Return the plate to the thermal cycler and press “Enter” to move the program through: 20°C for 20 mins -> 65°C for 10mins -> 8°C forever.
Sample pooling and SPRI bead clean-up.
Sample pooling and SPRI bead clean-up.
Pool equal volumes of each sample to a LoBind 1.5mL Eppendorf Tube.
Perform a 0.4X ratio SPRI bead clean-up.
Note
Ensure your SPRI beads are at room temperature!
Vortex your SPRI beads for 30s or more to ensure they are in suspension before pipetting!
Prepare a fresh stock of 80% ethanol each time.

To the pooled DNA, add SPRI beads at a 0.4X ratio.
Note
For example, if your pool is 100uL add 40uL of SPRI beads.

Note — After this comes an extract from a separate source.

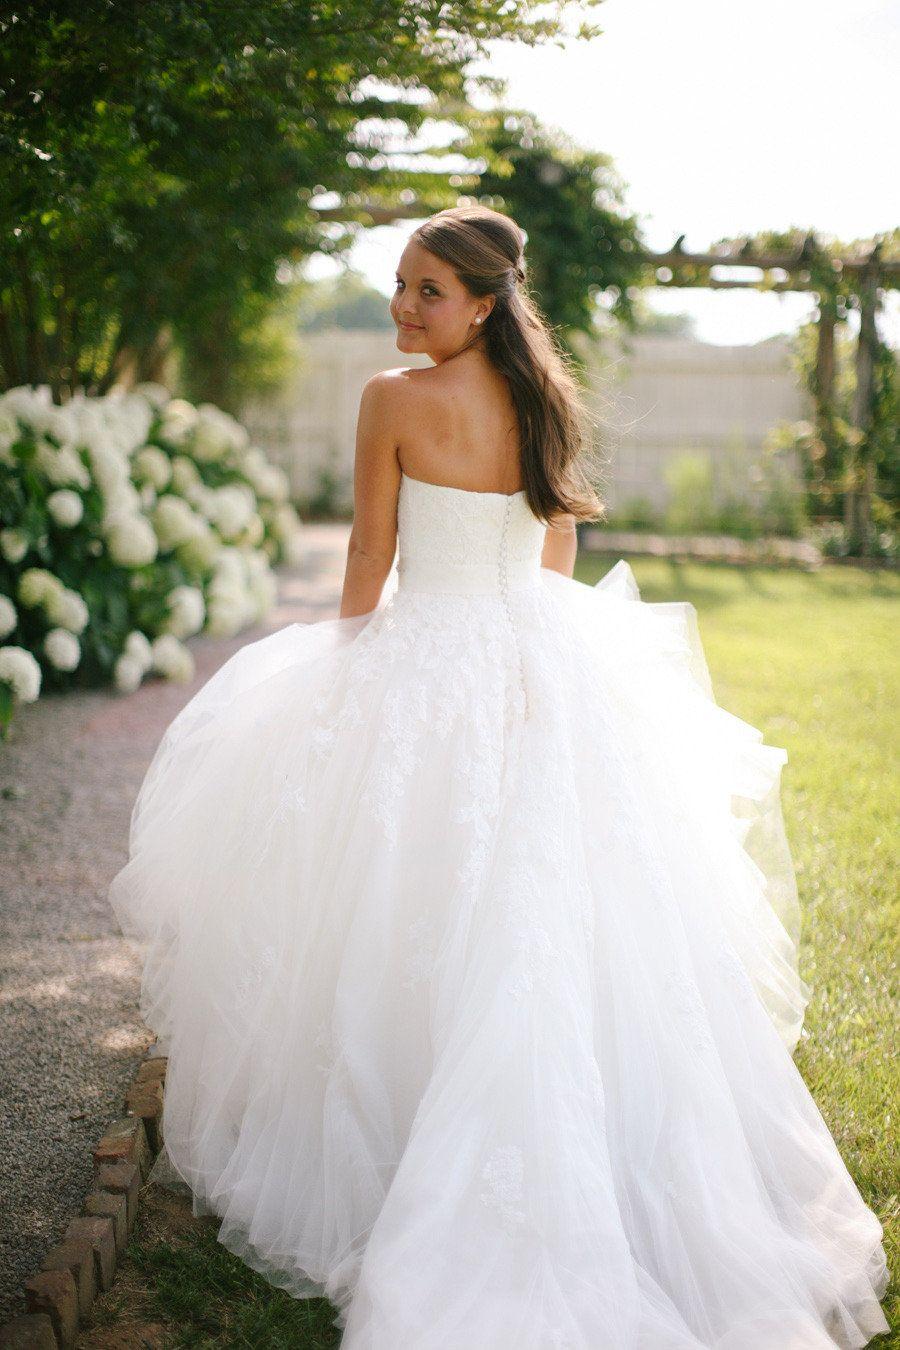 Nashville Wedding by Smitten Photography + H Three Events

Mix thoroughly by pipetting or vortexing. Ensure the beads are mixed visually. If vortexing, spin down but do not pellet beads.
Incubate for 5 mins at RT.
Incubate on the magnet for 8 mins.
Remove the supernatant. Do not transfer any beads, if this is a risk leave ~5uL of supernatant behnid with the beads.
Wash the beads with 80% ethanol. Leave for 30 secs. Ensure the ethanol complete covers the pelleted beads – use an amount greater than the amount of sample + beads.
Remove and discard supernatant. Repeat ethanol wash.
Spin down the samples, place back on the magent and remove any residual ethanol. Ensure all ethanol is removed.
Air dry the beads until they look dry, e.g. ~30s.
Resuspend the beads in 70uL nuclease-free water by pipetting.
Wait 2 to 5 mins while DNA is released from the beads. Wait longer for longer DNA fragments.
Return samples to the magnet for 2 mins or until beads have pelleted and the solution is clear.
Transfer 67uL of supernatant to a clean plate.
QC 2uL of the cleaned pool using the Qubit.
Aim to pass 1 to 2ug (1000 to 2000ng) of pooled DNA into the adapter ligation reaction, making up to 65uL in nuclease-free water.
Library preparation and sequencing
Library preparation and sequencing
From this point forward, follow the protocol from Oxford Nanopore Technology (ONT)...

"1D Native barcoding genomic DNA (with EXP-NBD104, EXP-NBD114, and SQK-LSK109)"

...starting from the ‘Adapter ligation and clean-up’ step.

Make the following changes:
  • Use LFB for the clean up
  • Transfer 200-300fmol (~400-600ng) of DNA to the Flow Cell.